• RAW DATA:
=== Begin Enclosure ===

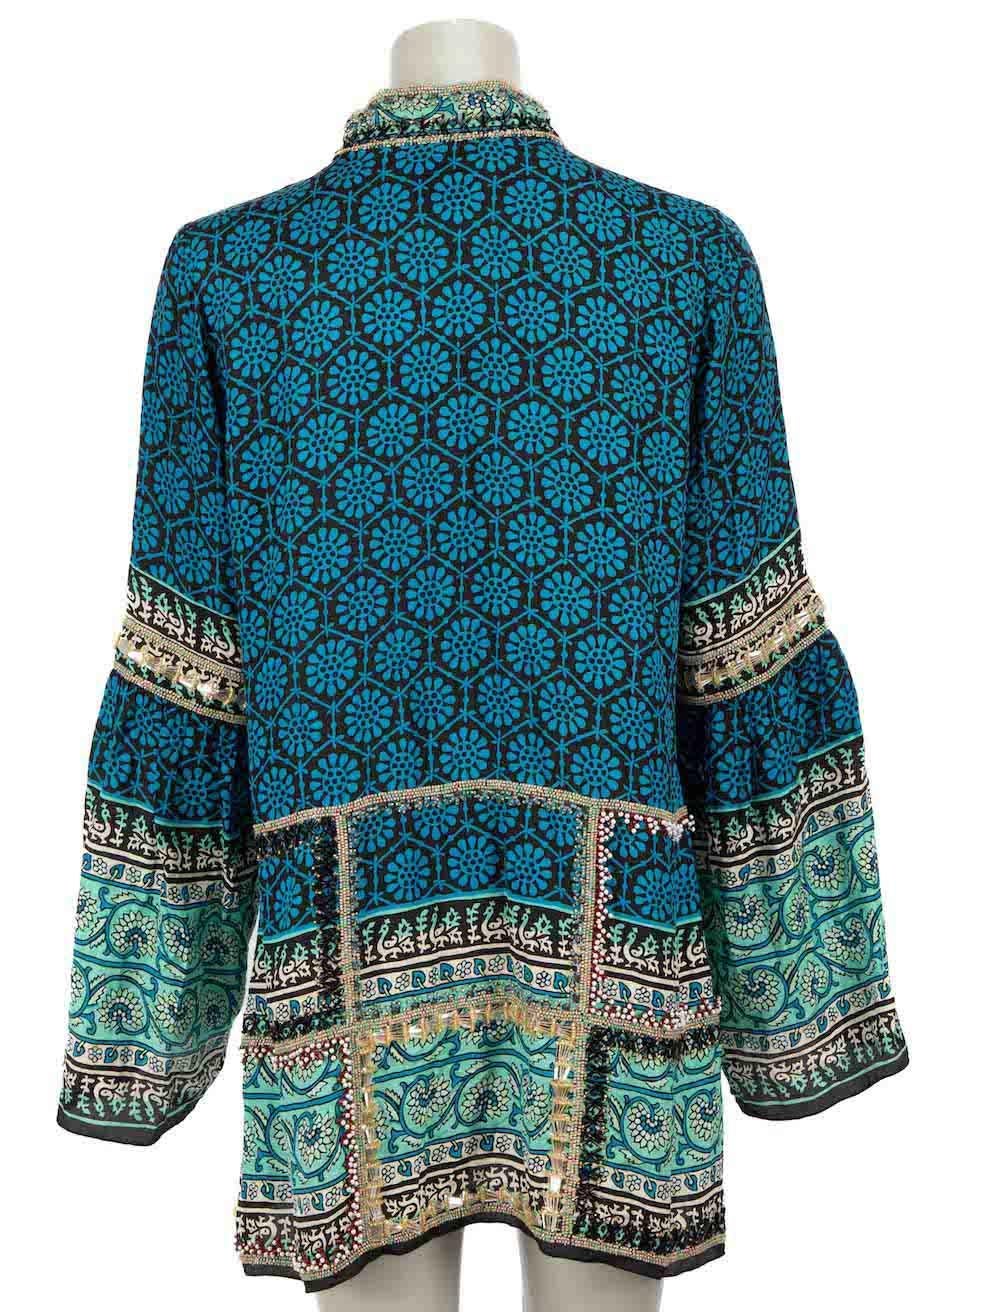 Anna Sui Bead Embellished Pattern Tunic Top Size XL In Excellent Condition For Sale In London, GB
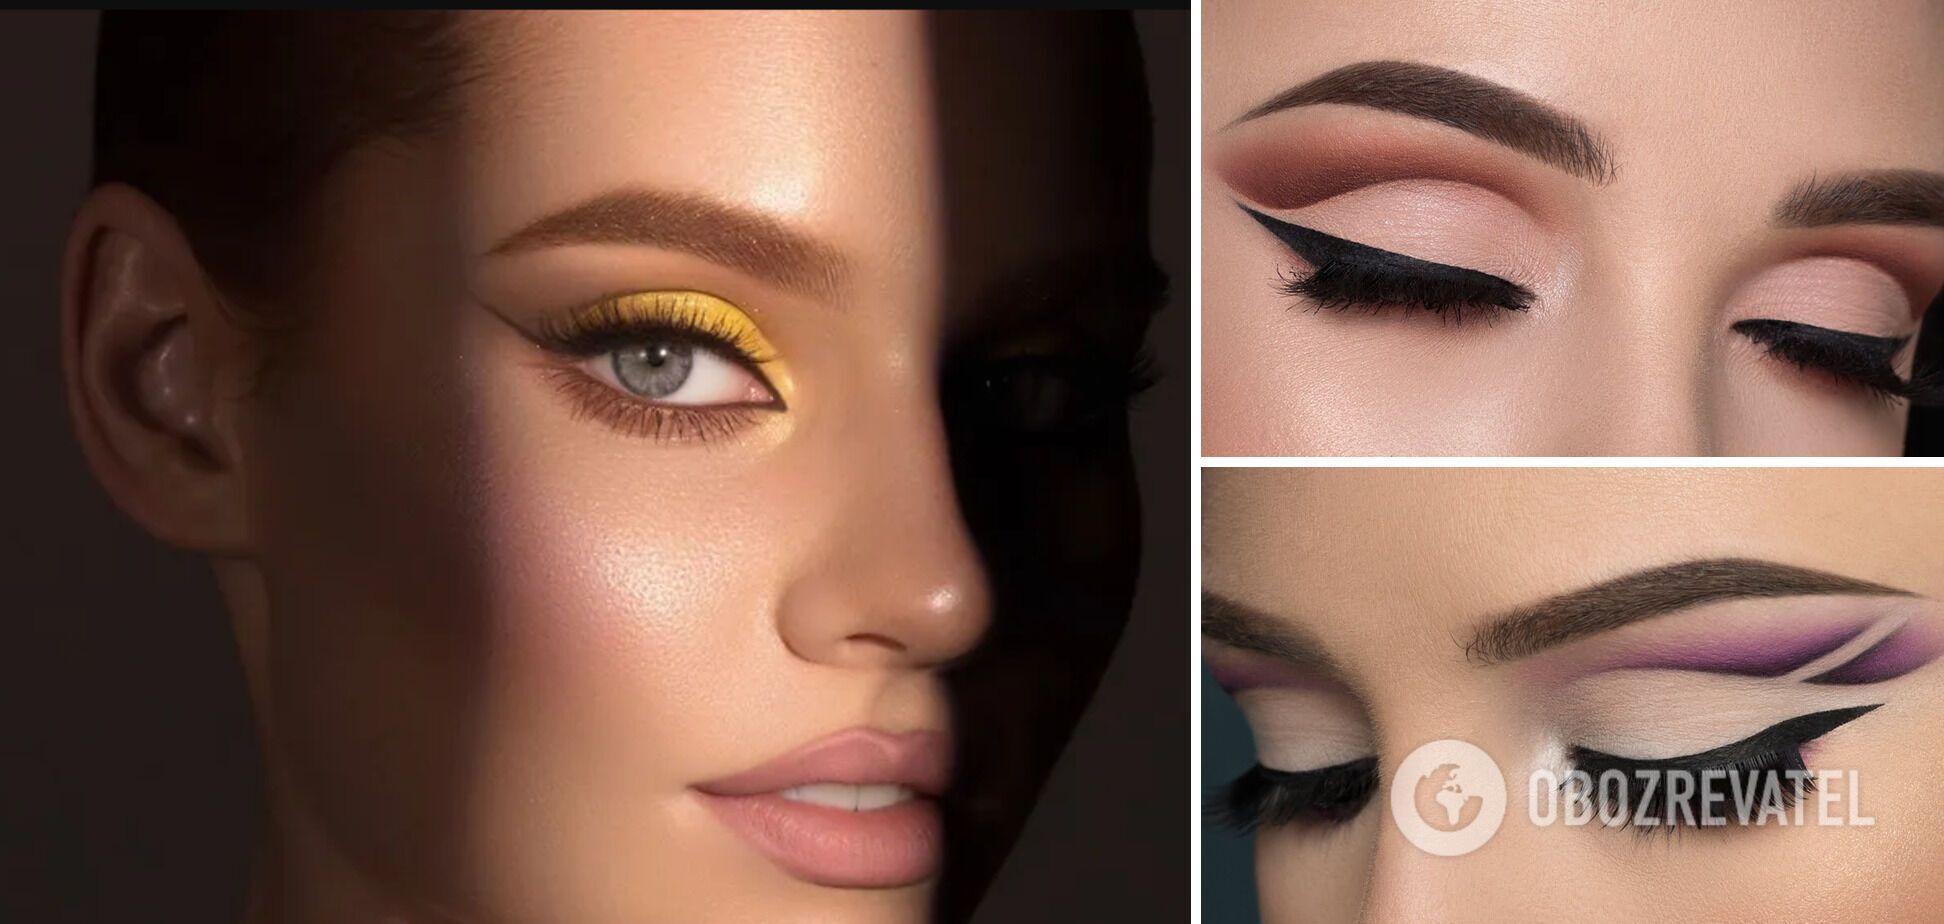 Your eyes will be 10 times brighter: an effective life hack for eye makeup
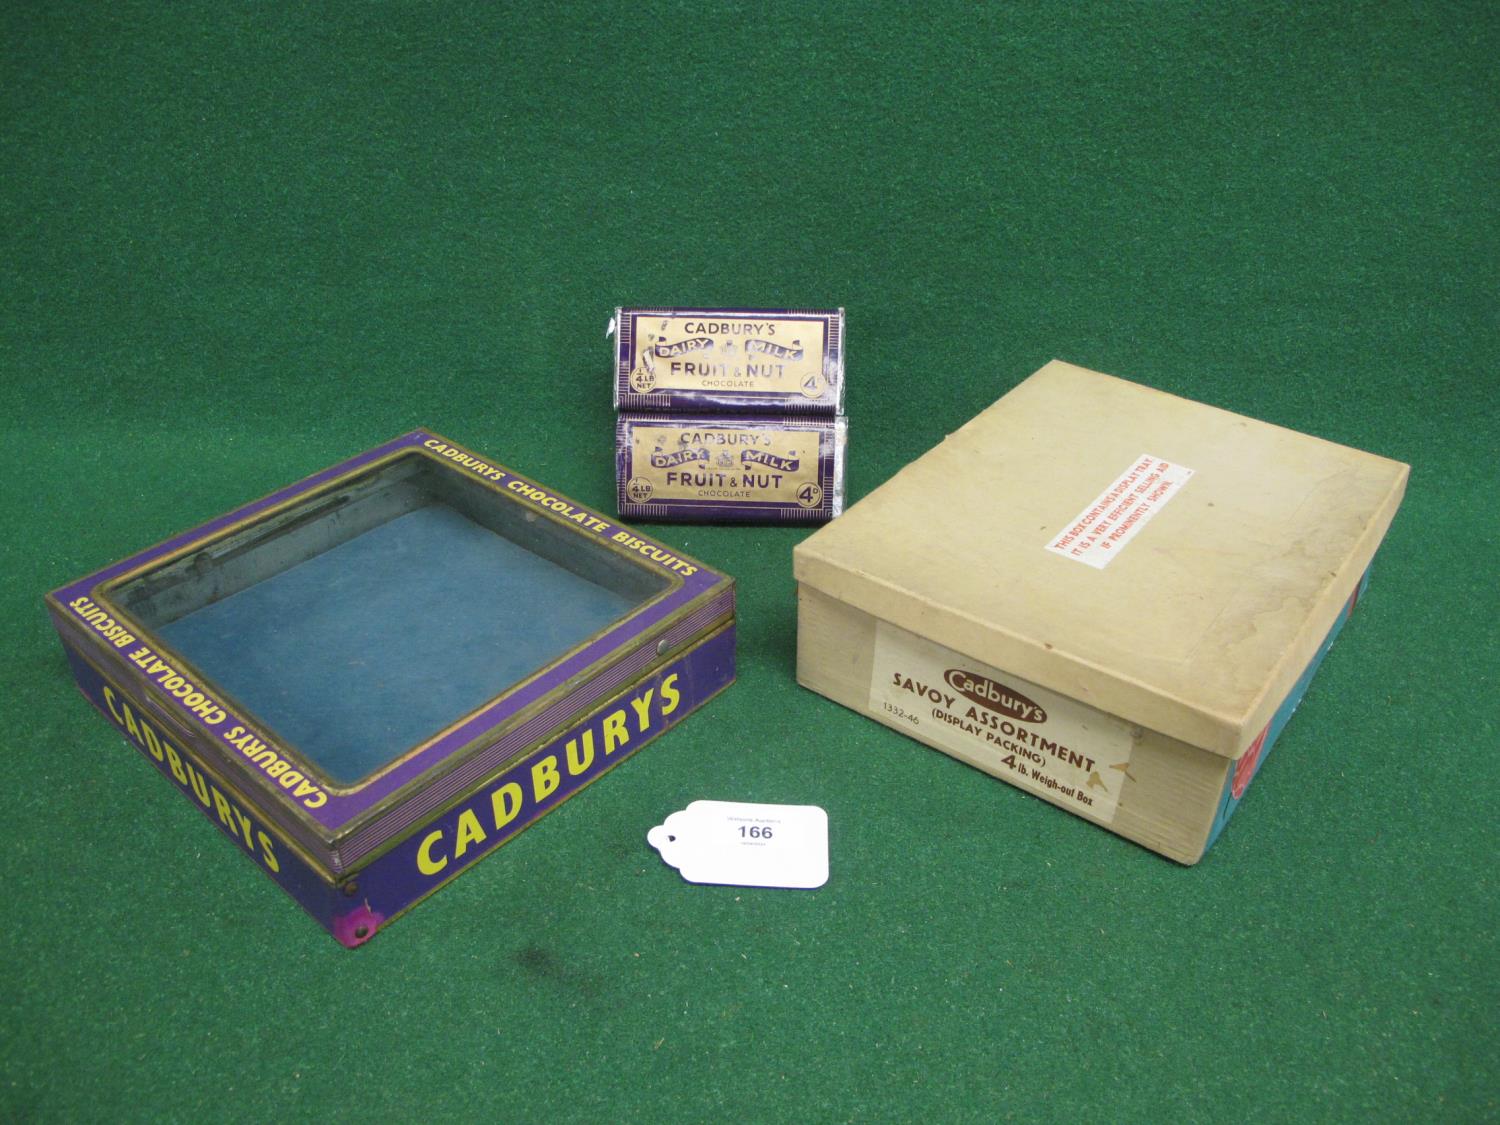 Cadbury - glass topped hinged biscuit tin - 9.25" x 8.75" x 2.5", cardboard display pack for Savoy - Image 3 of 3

=== End Enclosure ===

• PROBLEM REQUIREMENTS:
Copy out all of the data word for word. Do not carry over any picture.

• RESPONSE TO THE EXERCISE:
 Anna Sui Bead Embellished Pattern Tunic Top Size XL In Excellent Condition For Sale In London, GB
 Your eyes will be 10 times brighter: an effective life hack for eye makeup
 Cadbury - glass topped hinged biscuit tin - 9.25" x 8.75" x 2.5", cardboard display pack for Savoy - Image 3 of 3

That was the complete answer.